As for us being a hologram. Who knows. I am sure that's not it exactly but maybe we are simply the creation, in an aquarium, by some 9 year old equivalent god who didn't like tropical fish and decided to build a universe to entertain him, for the last 14 billion years...but this aquarium is more like a movie theatre using light. This almost makes as much sense as Einstein's equation.

Anyway, like Einstein and the billions before me, I am sure I will go to my grave without ever figuring it out, but as I said before...the questions are fun.


----------



## carverman (Nov 8, 2010)

OptsyEagle said:


> Don't you think that it is a little peculiar, however, that energy and matter interrelate to each other by EXACTLY the speed of light, squared?


No, I like many others have accepted Einsteins theory and formula for relativity. You can't change that.
Light partices (photons or whatever you want to call them is E (ENERGY). if you dont believe that, just take a magnifying glass on a sunny day and concentrate the sun's light (photon) energy on a piece of paper....it will start to smoke and catch fire.





> Why not the weight of water or the breaking point of iron? Why the speed of light? I just think there is a lot more to this then a coincidence.

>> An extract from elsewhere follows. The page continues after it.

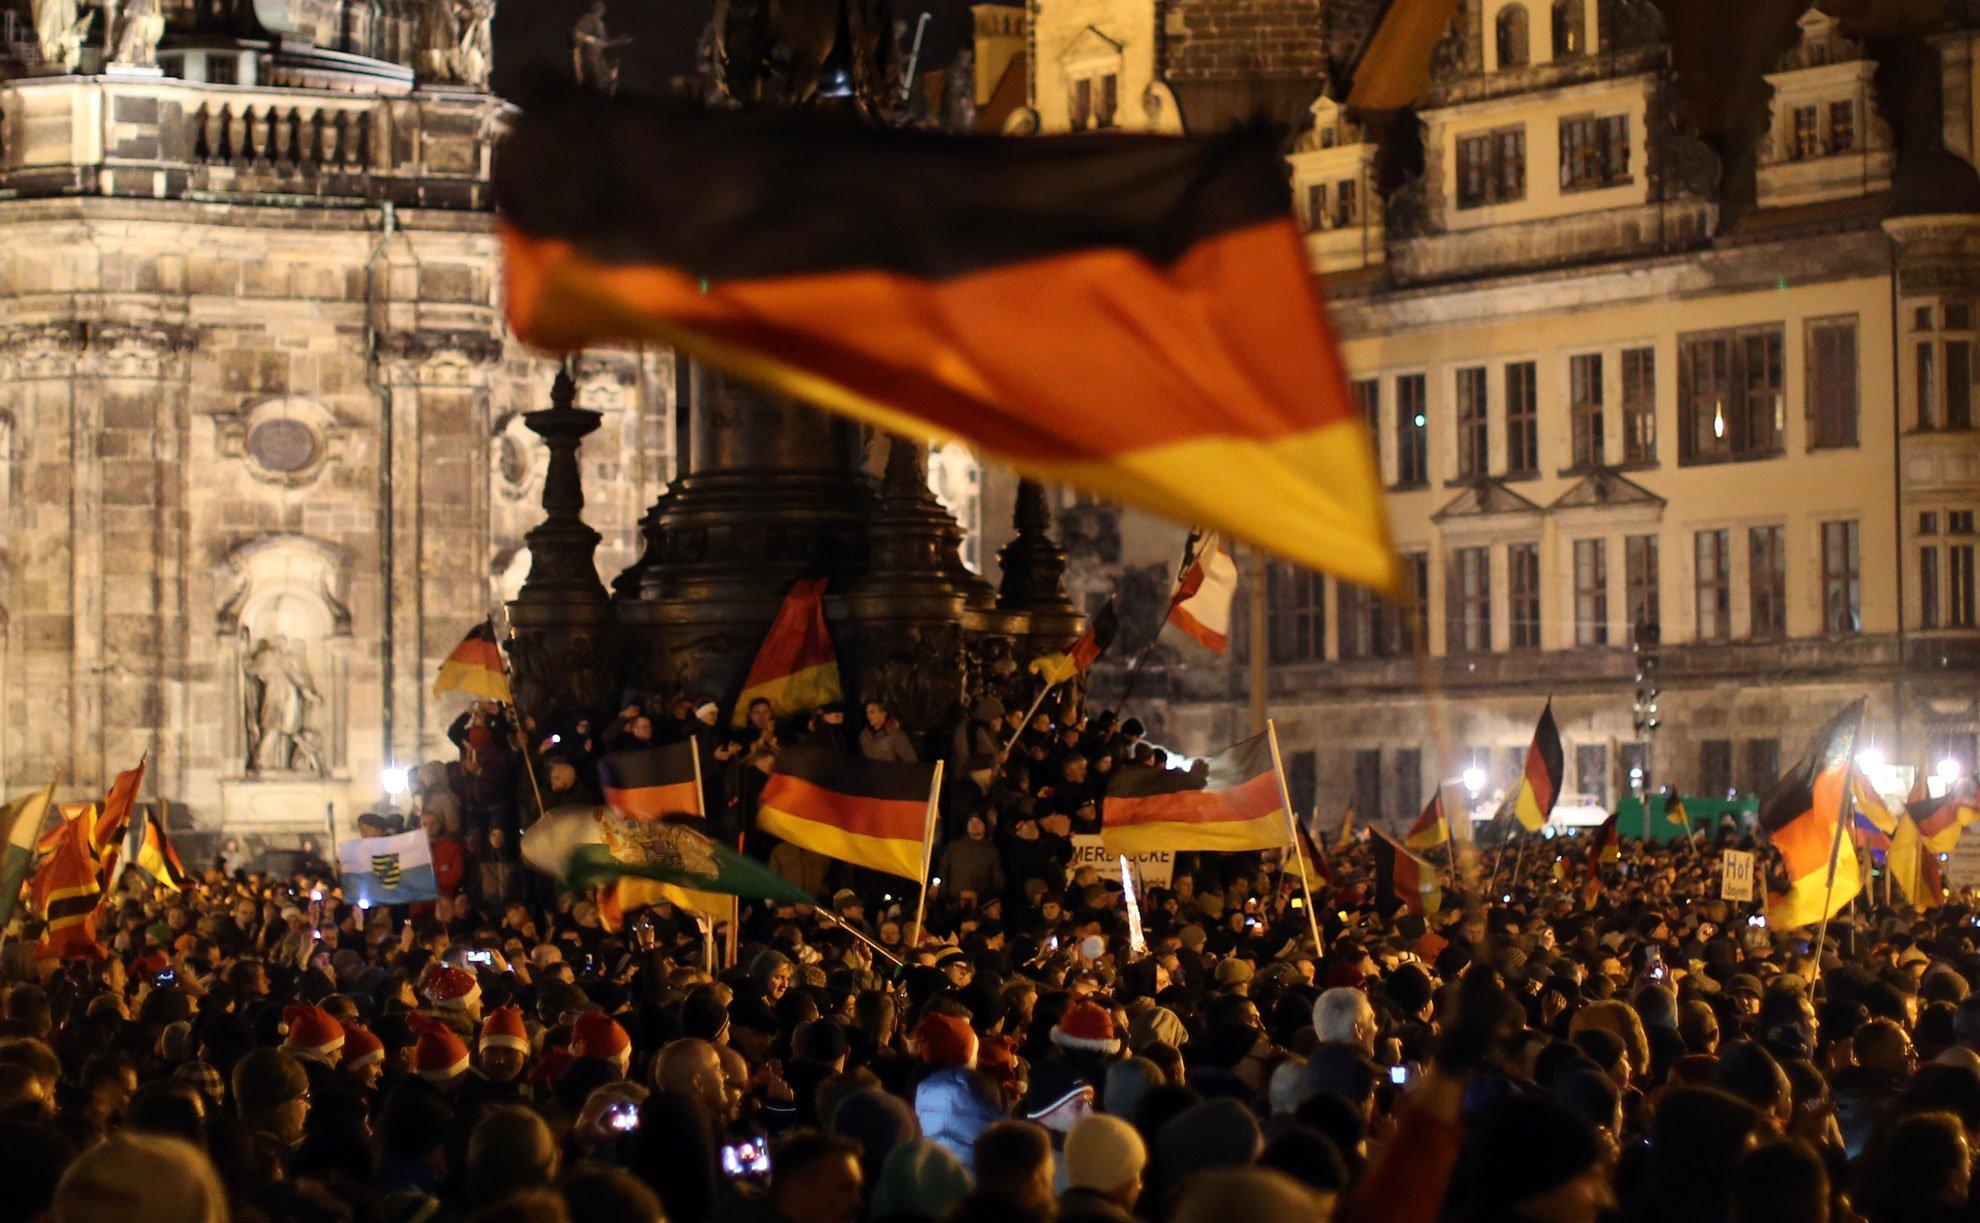 Κολωνία: Ποιοί και γιατί διαδηλώνουν σήμερα;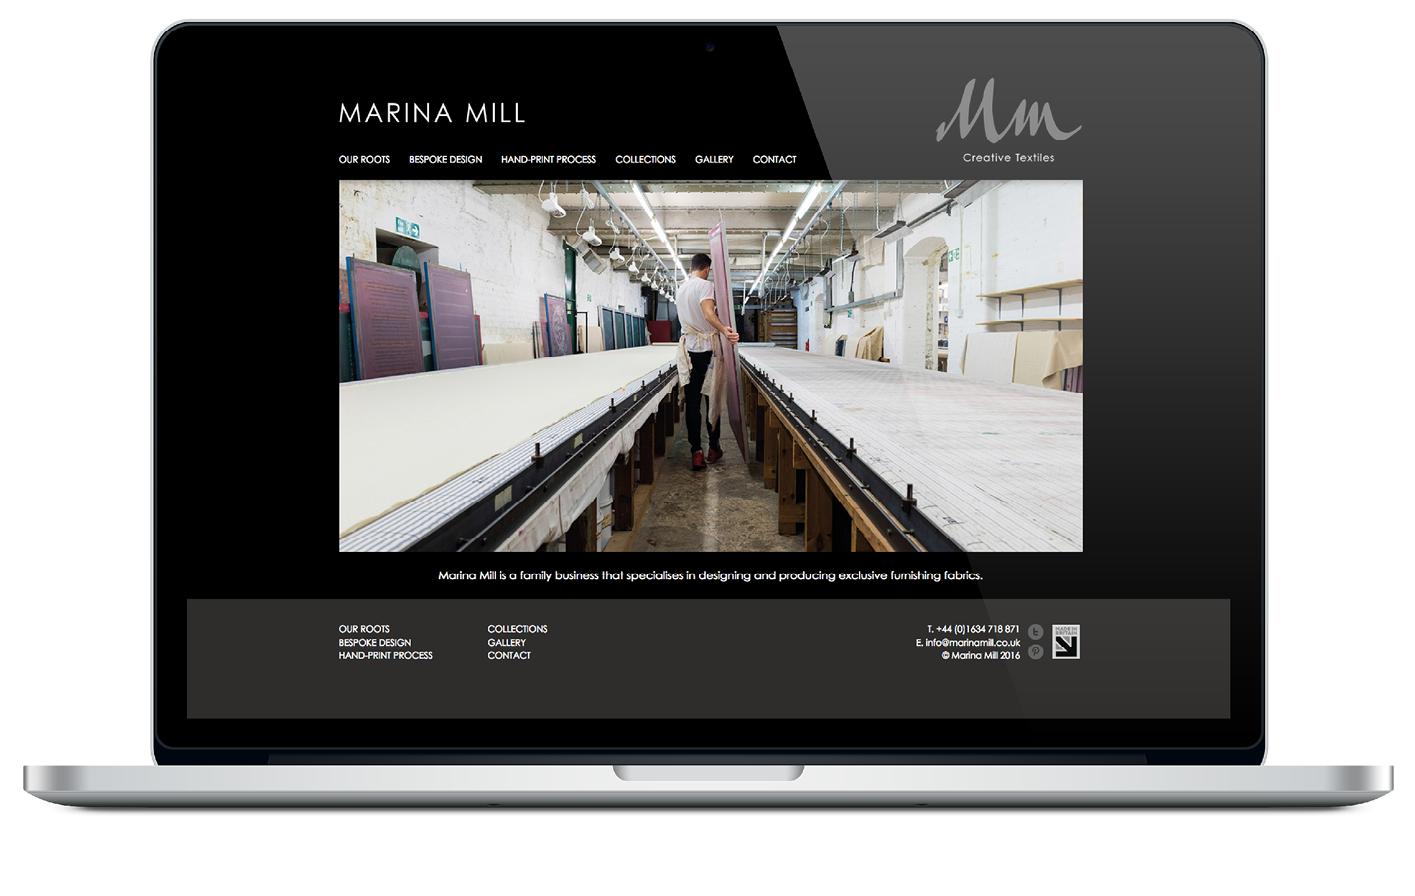 marina mill

No, because the weight of water is dependent on the gravity of the planet it is on. On earth;The weight of one litre of water, at sea level, is around 9.81 newtons. On the moon it would weigh a lot less if compared to what it weighed on earth. In outer space water is weightless..as you may have seen from experiments on the ISS.

1kg = 0.101971621Newtons



> 1 N is the force of Earth's gravity on a mass of about 102 g = (1⁄9.81 kg). On Earth's surface, a mass of 1 kg exerts a force of approximately 9.81 N [down]..... (or 1.0 kilogram-force; 1 kgf = 9.80665 N by definition)





> Anyway, like Einstein and the billions before me, I am sure I will go to my grave without ever figuring it out, but as I said before...the questions are fun.


What is there to figure out? You are created from the same materials that the earth was created. If you take the billions of atoms that make up the specific cells of your body, it can be demonstrated that you are basically "star dust"...and as we all know from the famous grave site saying " Ashes to ashes, dust to dust"..given enough time, our biological bodies will eventually represent the basic elements of the earth, from which we came.


----------



## OptsyEagle (Nov 29, 2009)

I am OK with all that. Basically I just want to figure out what was going on BEFORE the big bang, WHEN all that stuff was created. Created from WHAT? From WHERE? By WHO or WHAT?

It just seems that the more answers we discover, the more questions arise.

I still think it is more then a coincidence that energy and matter relate to each other in any respect to the speed of light. The equation could have ended up simply E= M x 5... or... E = M x expanding speed of the universe, but it didn't. It ended up being:

E- MC^2. 

Most people simply accept it, as I do, but my mind likes to know WHY an equation works the way it does. This part of Einstein's work has not been completed. I am sure my hologram guess is way off, but I still think there is something here that can be answered and when it is done it will probably answer a great many questions.


----------



## NorthernRaven (Aug 4, 2010)

OptsyEagle said:


> I am OK with all that. Basically I just want to figure out what was going on BEFORE the big bang, WHEN all that stuff was created. Created from WHAT? From WHERE? By WHO or WHAT?
> 
> It just seems that the more answers we discover, the more questions arise.
> 
> ...


A lot of it is baked into the root definitions of physics. Basically, energy is "force" x "distance", "force" is "mass" x "acceleration" (good old F=MA from school physics), and acceleration is velocity over time, or distance over time squared. When you work it all out, energy is going to be in units of mass x units of velocity squared. The speed of light ("c") is the natural unit for velocity, so you get E = mc^2. For proof, and why there aren't any other terms messing it up, you have Herr Professor Einstein's work on special relativity.


----------



## OptsyEagle (Nov 29, 2009)

I agree that the factor of how Energy and Matter relate is going to end up being a speed, but I am just curious as to why it is the speed of light.

Not that this is remarkable math, but if I rearrange Einstein's formula of E=MC^2 to solve for C, I get this:

C= square root of E/M. 

This seems to be telling me that energy and matter don't just relate to the speed of light but that all energy and matter ACTUALLY are the speed of light. Since it is very possible that all the light we see is simply any particle travelling at that exact speed, then we can possibly say that: ALL MATTER and ALL ENERGY are simply just LIGHT. 

Hence my statement that we and everything in the universe might simply just be a hologram. 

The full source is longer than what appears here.